Problem of Readability of Python

L

Licheng Fang

Python is supposed to be readable, but after programming in Python for
a while I find my Python programs can be more obfuscated than their C/C
++ counterparts sometimes. Part of the reason is that with
heterogeneous lists/tuples at hand, I tend to stuff many things into
the list and *assume* a structure of the list or tuple, instead of
declaring them explicitly as one will do with C structs. So, what used
to be

struct nameval {
char * name;
int val;
} a;

a.name = ...
a.val = ...

becomes cryptic

a[0] = ...
a[1] = ...

Python Tutorial says an empty class can be used to do this. But if
namespaces are implemented as dicts, wouldn't it incur much overhead
if one defines empty classes as such for some very frequently used
data structures of the program?

Any elegant solutions?
 
S

Steven Bethard

Licheng said:
Python is supposed to be readable, but after programming in Python for
a while I find my Python programs can be more obfuscated than their C/C
++ counterparts sometimes. Part of the reason is that with
heterogeneous lists/tuples at hand, I tend to stuff many things into
the list and *assume* a structure of the list or tuple, instead of
declaring them explicitly as one will do with C structs. So, what used
to be

struct nameval {
char * name;
int val;
} a;

a.name = ...
a.val = ...

becomes cryptic

a[0] = ...
a[1] = ...

Python Tutorial says an empty class can be used to do this. But if
namespaces are implemented as dicts, wouldn't it incur much overhead
if one defines empty classes as such for some very frequently used
data structures of the program?

Any elegant solutions?

You can use __slots__ to make objects consume less memory and have
slightly better attribute-access performance. Classes for objects that
need such performance tweaks should start like::

class A(object):
__slots__ = 'name', 'val'

The recipe below fills in the obvious __init__ method for such classes
so that the above is pretty much all you need to write:

http://aspn.activestate.com/ASPN/Cookbook/Python/Recipe/502237


STeVe
 
B

Bjoern Schliessmann

Licheng said:
struct nameval {
char * name;
int val;
} a;

a.name = ...
a.val = ...

becomes cryptic

a[0] = ...
a[1] = ...

?!

(1)
a = {}
a["name"] = ...
a["val"] = ...

(2)
NAME = 0
VAL = 1
a=[]
a[NAME] = ...
a[VAL] = ...
Python Tutorial says an empty class can be used to do this. But if
namespaces are implemented as dicts, wouldn't it incur much
overhead if one defines empty classes as such for some very
frequently used data structures of the program?

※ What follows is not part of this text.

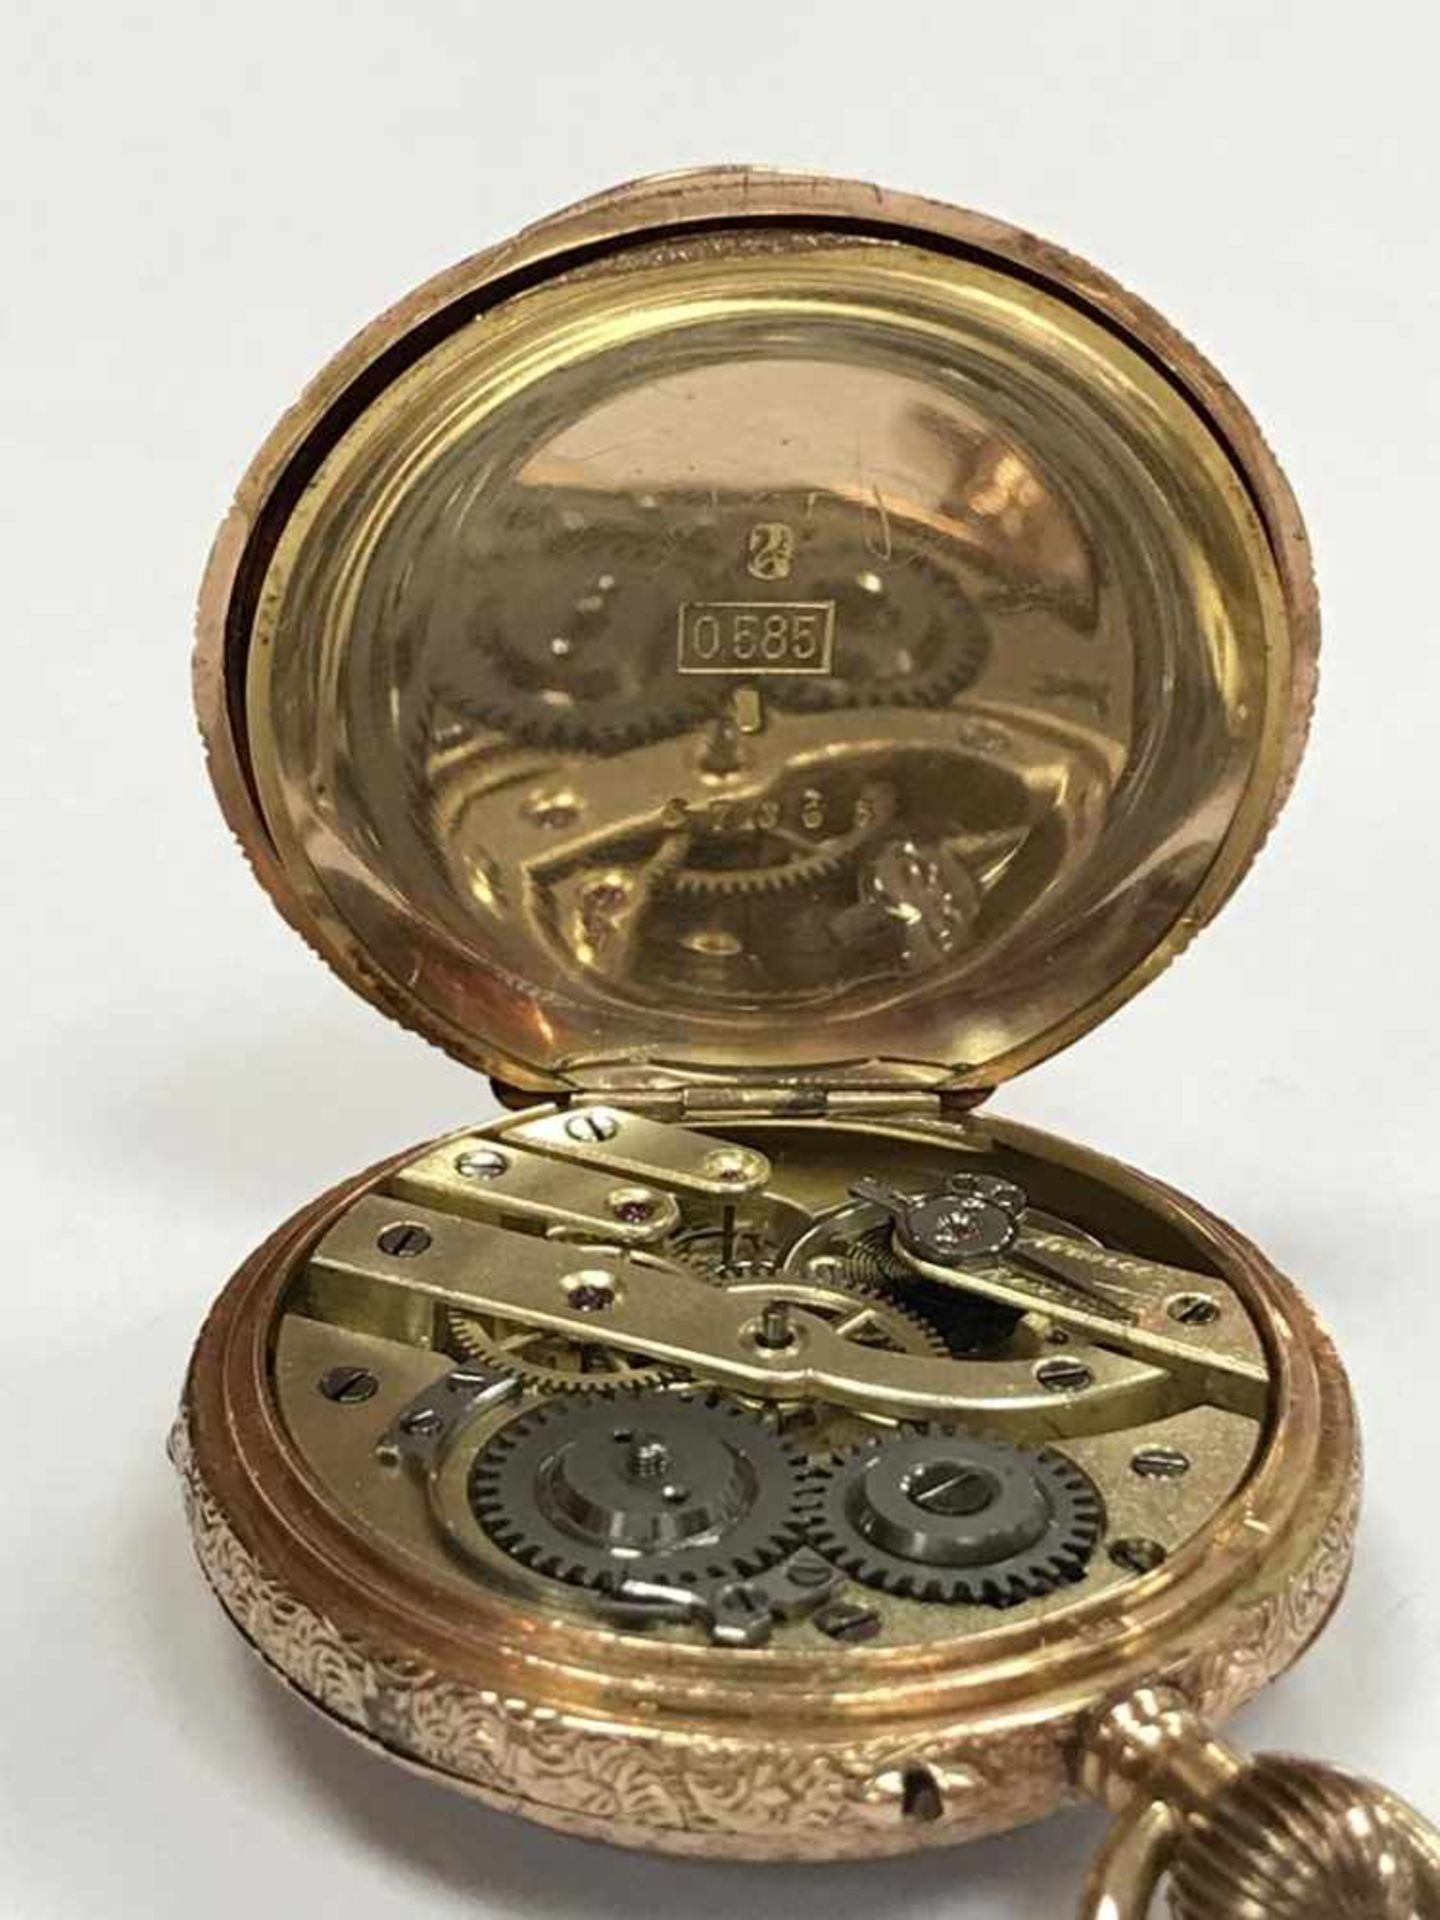 Gold Taschenuhr 585 "Bleienheuft Cöln a Rhein"Wohl Deutschland um 1880, Material: 585 Gold, Uhr - Image 6 of 6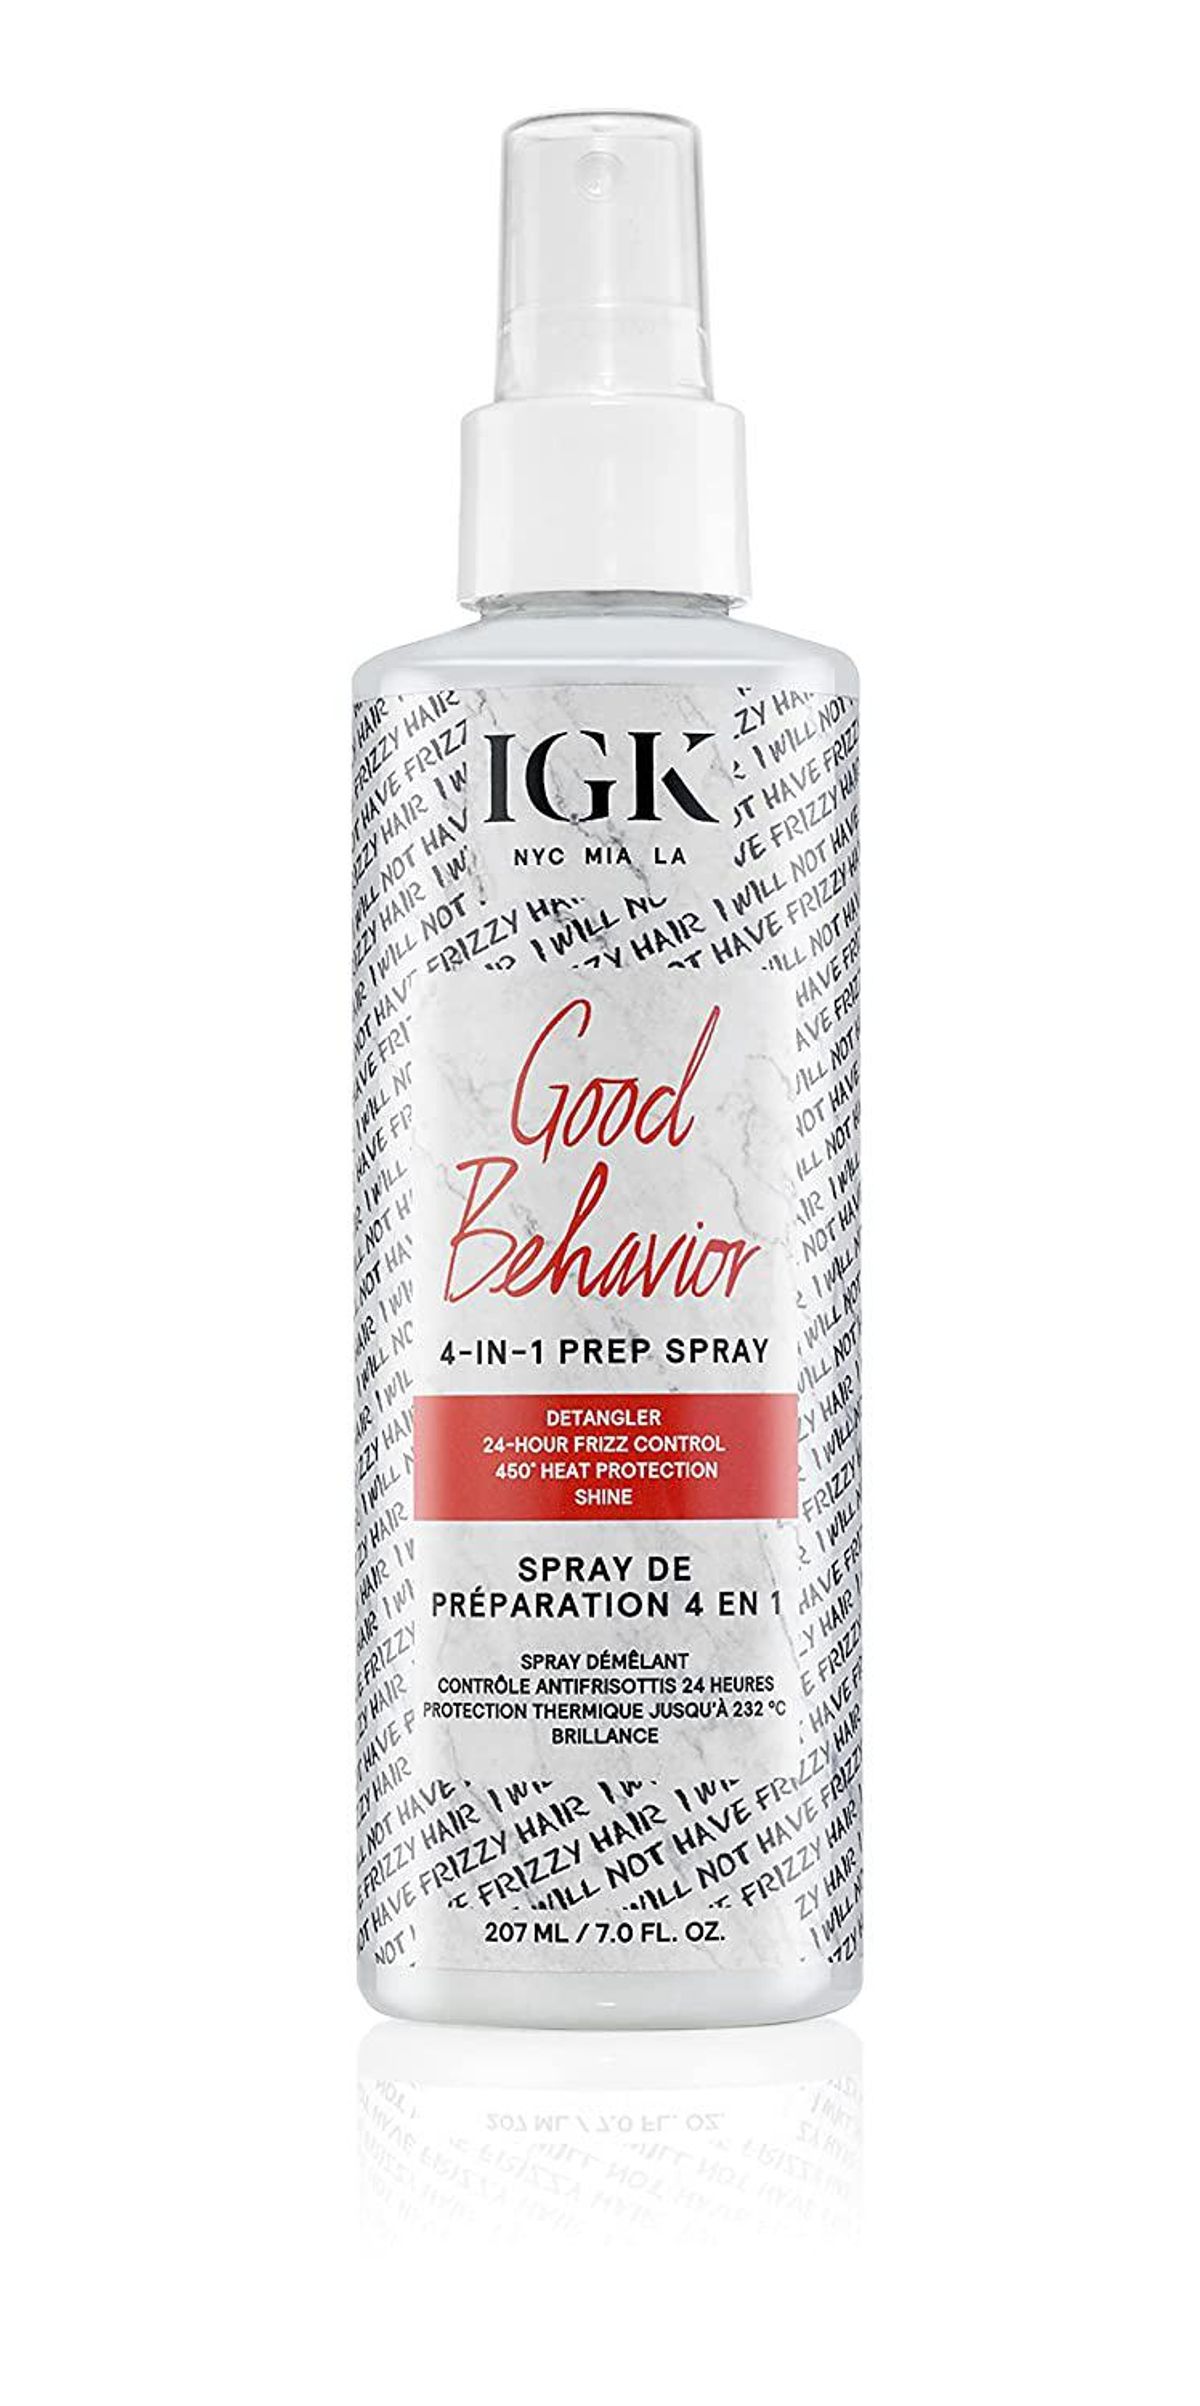 igk good behavior four in one prep spray

Measure first, optimize later. How many million of instances and/or
accesses per second do you have?

Regards,


Björn
 
B

Bruno Desthuilliers

Licheng Fang a écrit :
Python is supposed to be readable, but after programming in Python for
a while I find my Python programs can be more obfuscated than their C/C
++ counterparts sometimes. Part of the reason is that with
heterogeneous lists/tuples at hand, I tend to stuff many things into
the list and *assume* a structure of the list or tuple, instead of
declaring them explicitly as one will do with C structs. So, what used
to be

struct nameval {
char * name;
int val;
} a;

a.name = ...
a.val = ...

becomes cryptic

a[0] = ...
a[1] = ...

Use dicts, not lists or tuples:

a = dict(name='yadda', val=42)
print a['name']
print a['val']
Python Tutorial says an empty class can be used to do this. But if
namespaces are implemented as dicts, wouldn't it incur much overhead
if one defines empty classes as such for some very frequently used
data structures of the program?

If you do worry about overhead, then C is your friend !-)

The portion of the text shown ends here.